» WHAT YOU HAVE TO DO
Though the records contain pictures, copy none of them; repeat exactly the lines from the one with "London skyline with tower bridge" to the end.

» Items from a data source
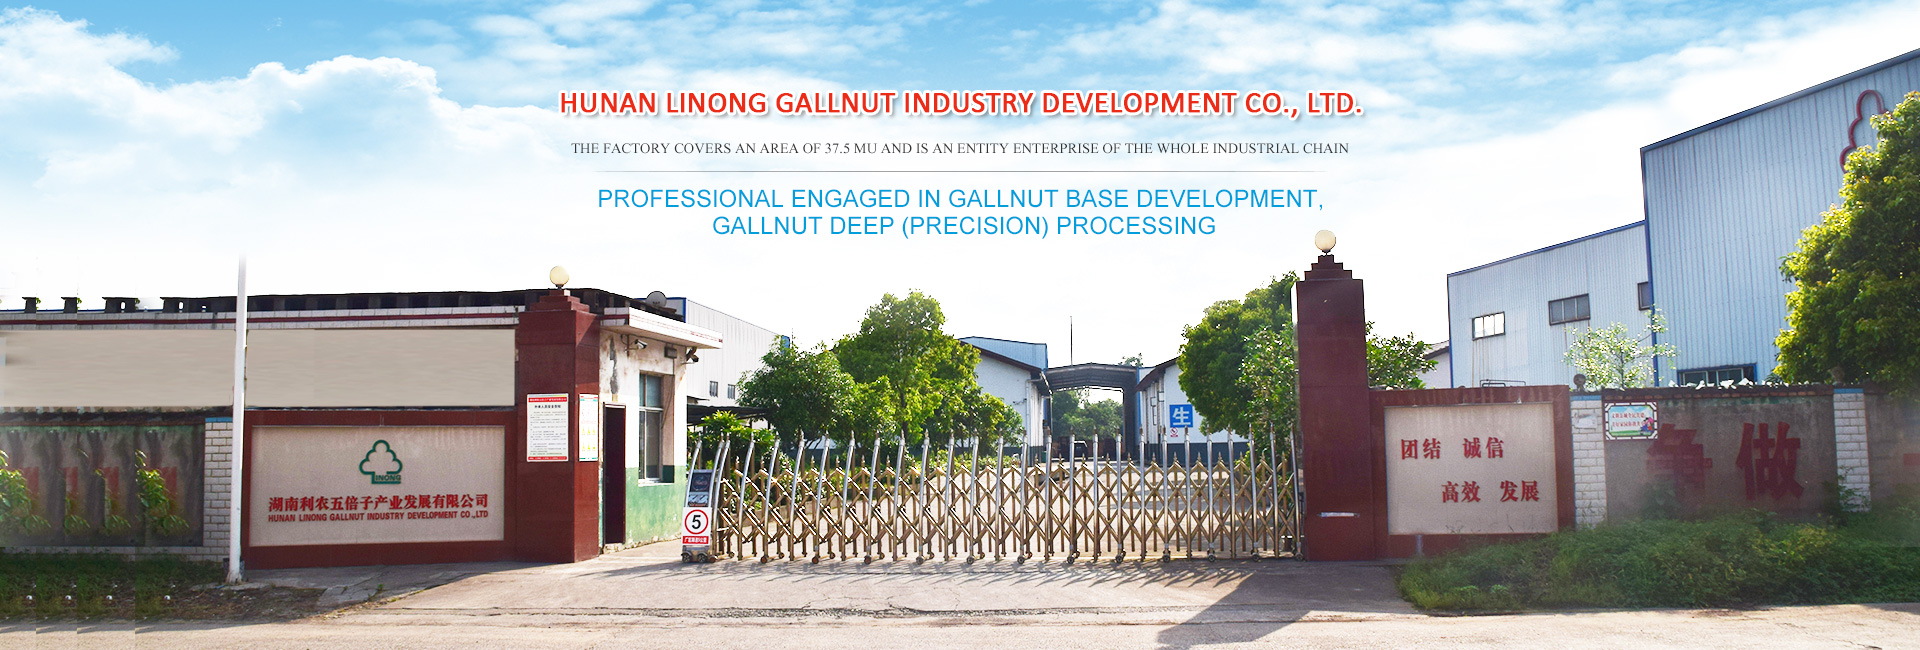 HUNAN LINONG GALLNUT INDUSTRY DEVELOPMENT CO., LTD. _HUNAN GALLNUT DEEP (PRECISION) PROCESSING 
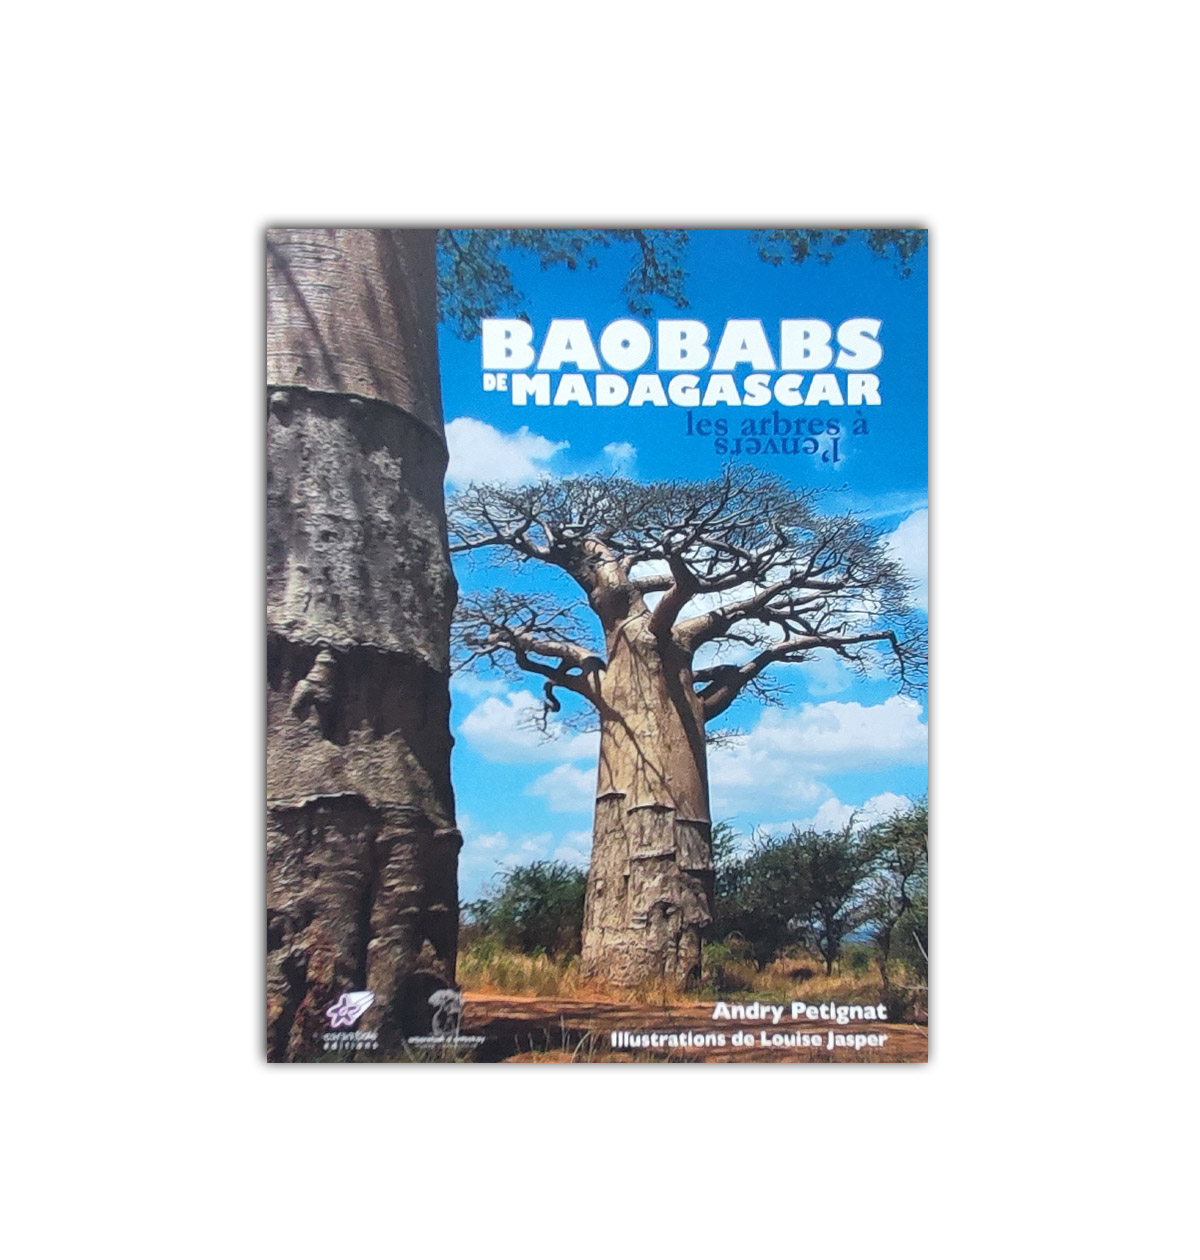 Baobabs de madagascar: les arbres à l'envers
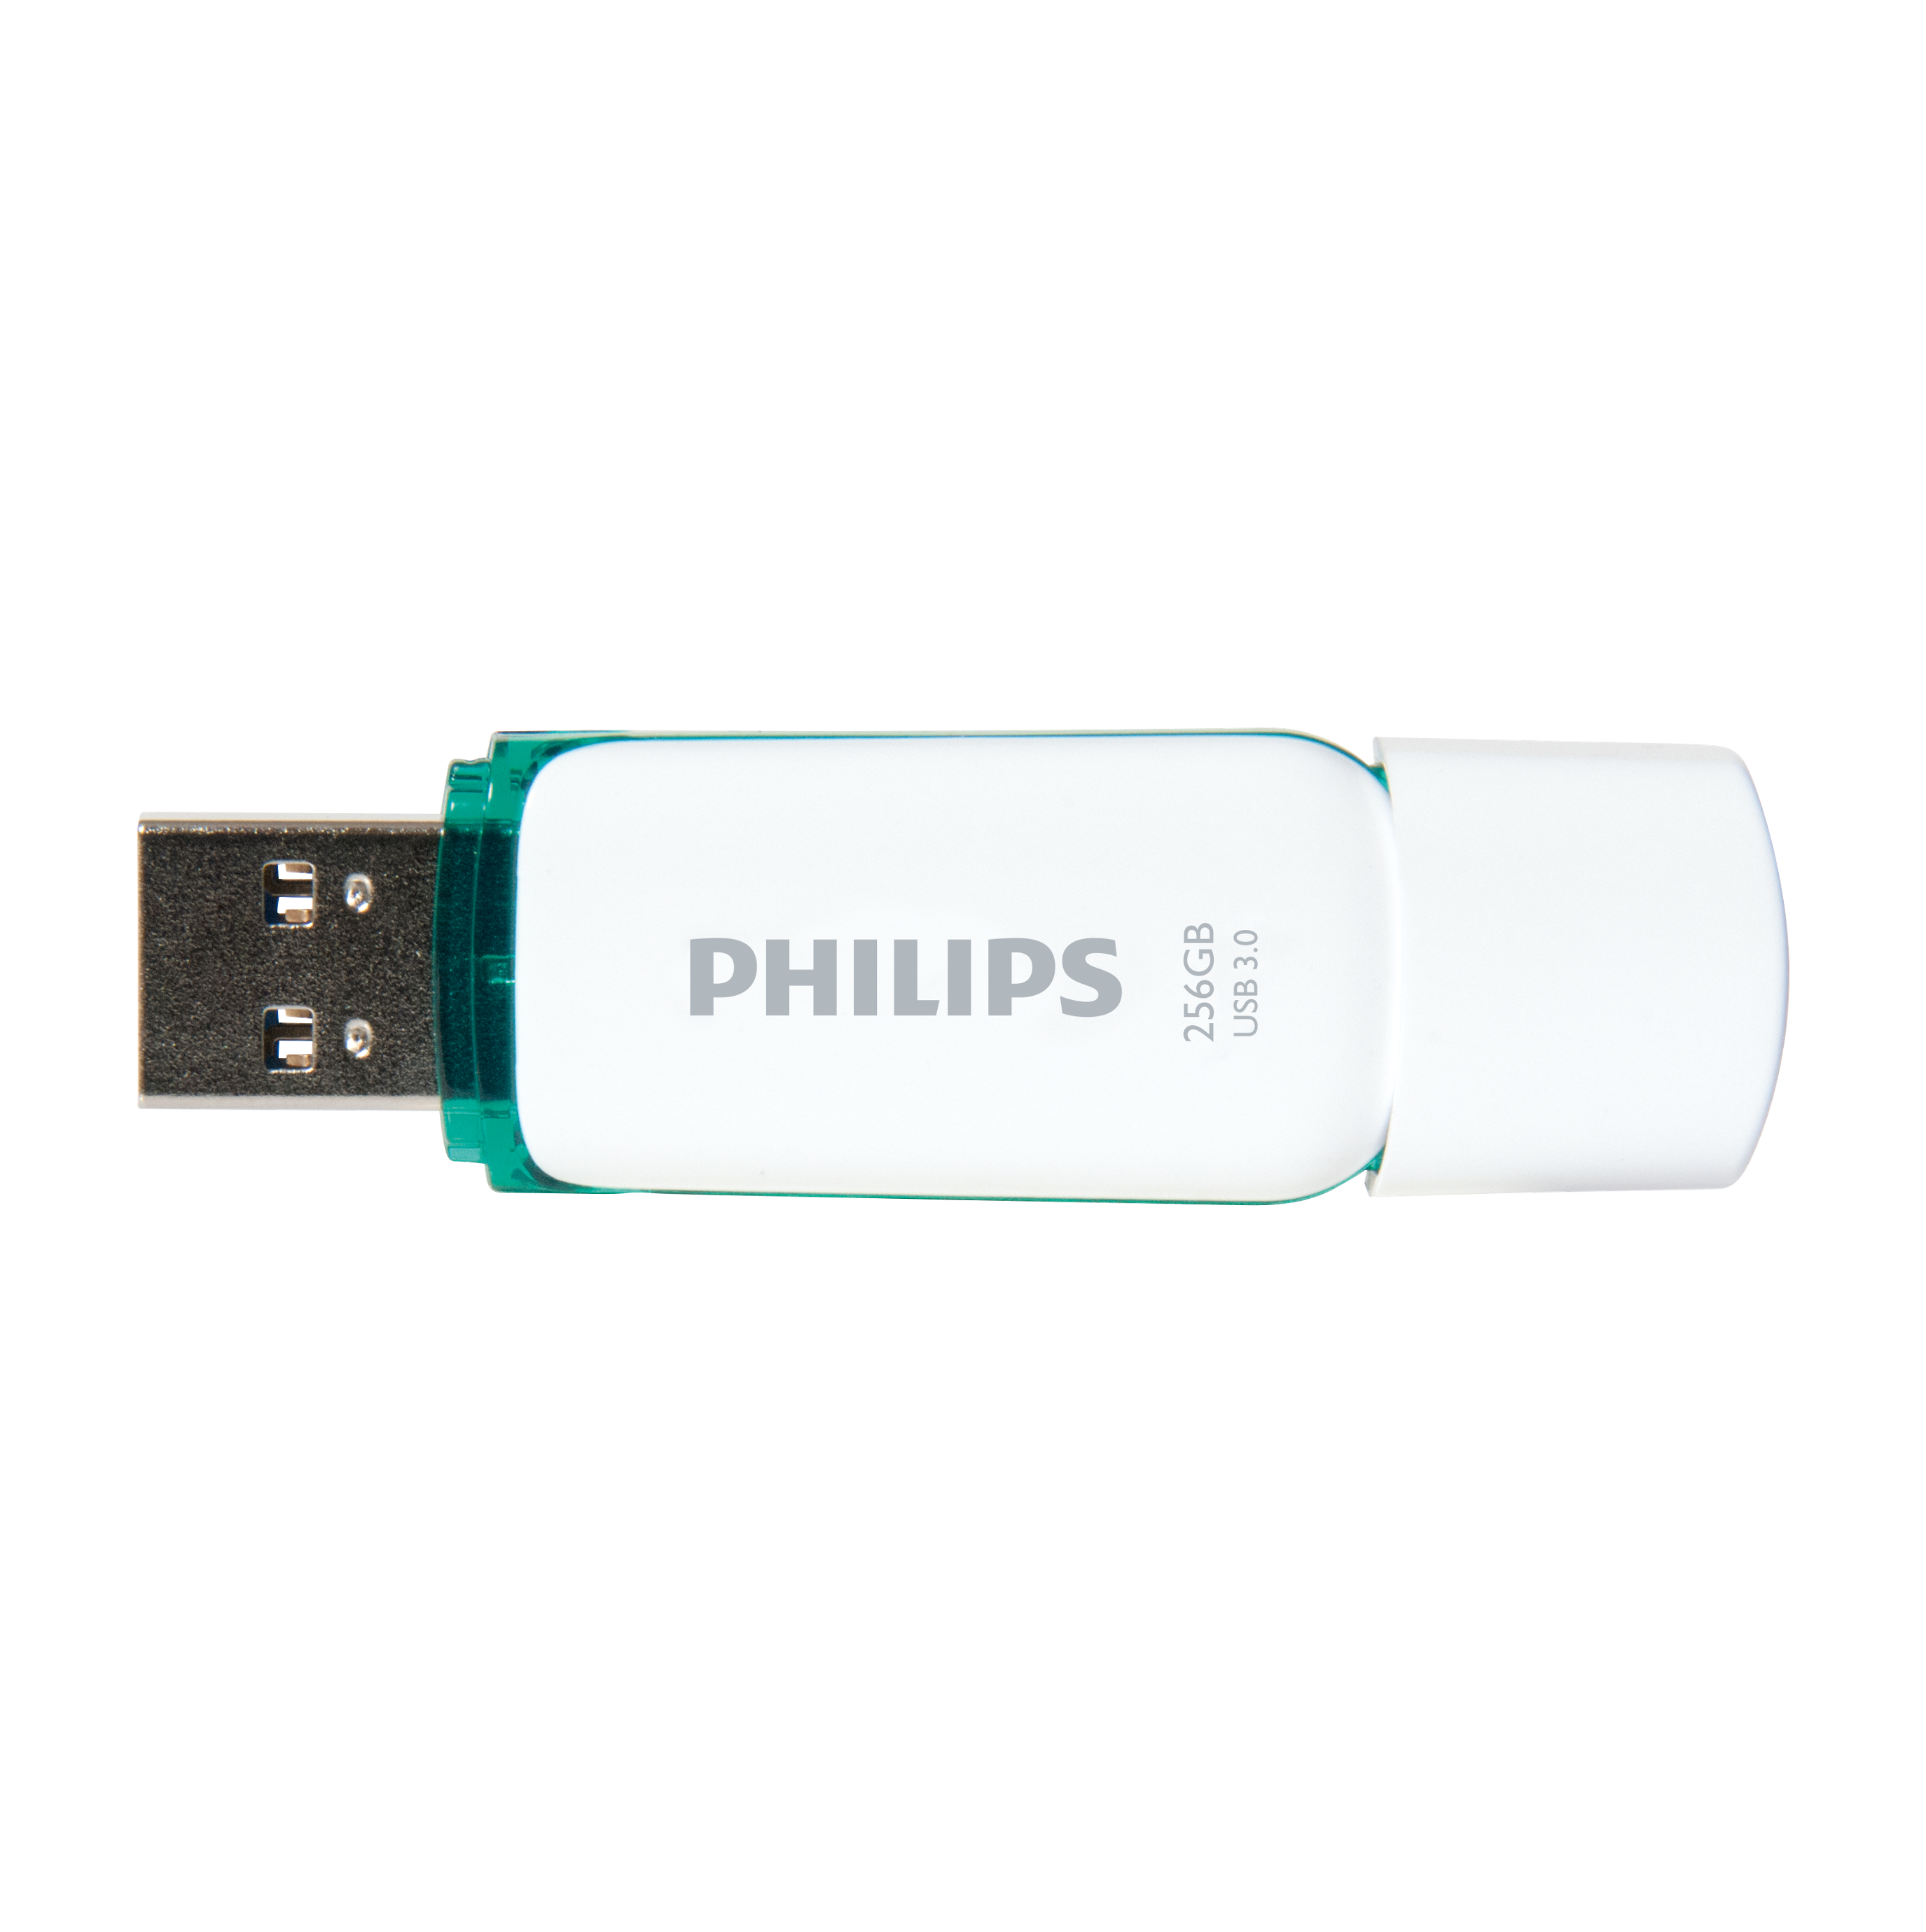 Green®, GB) (Weiß, MB/s Snow 256 PHILIPS 100 Spring USB-Stick Edition
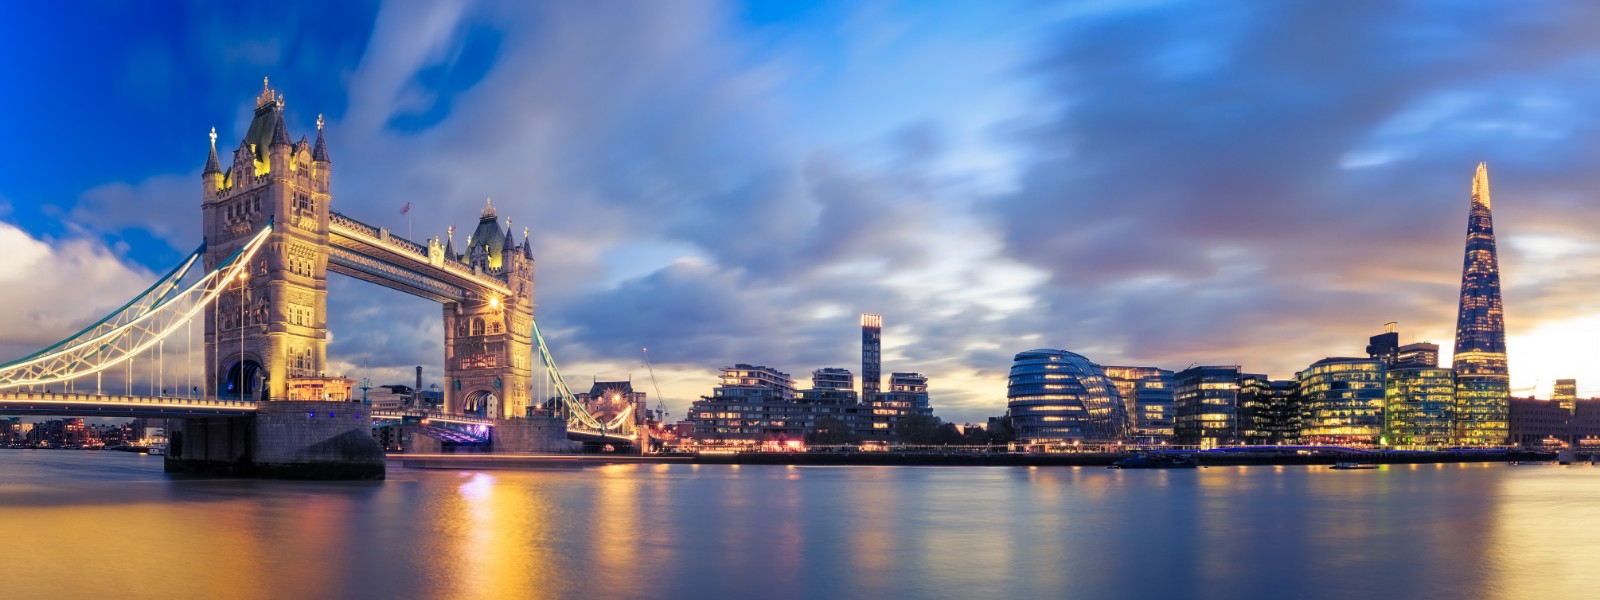 London skyline with tower bridge
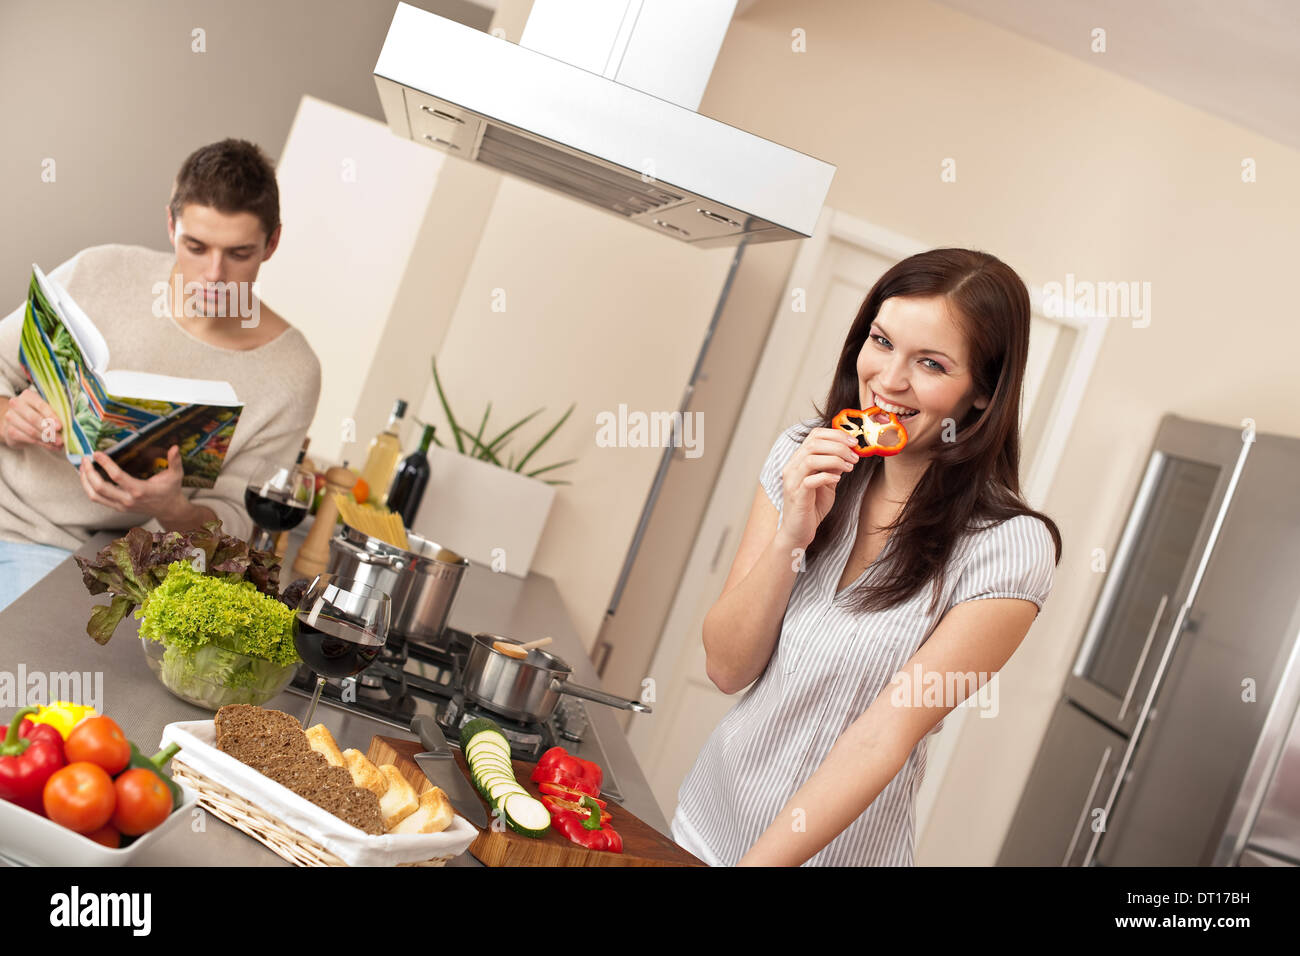 2 мужа на кухне. Пара завтракает на кухне. Девушка борщом парня кормит. Фото женщина кормит мужчину борщом. Мужчина кормит женщину с рук.

» SOLUTION FOR THIS TASK
 London skyline with tower bridge
 2 мужа на кухне. Пара завтракает на кухне. Девушка борщом парня кормит. Фото женщина кормит мужчину борщом. Мужчина кормит женщину с рук.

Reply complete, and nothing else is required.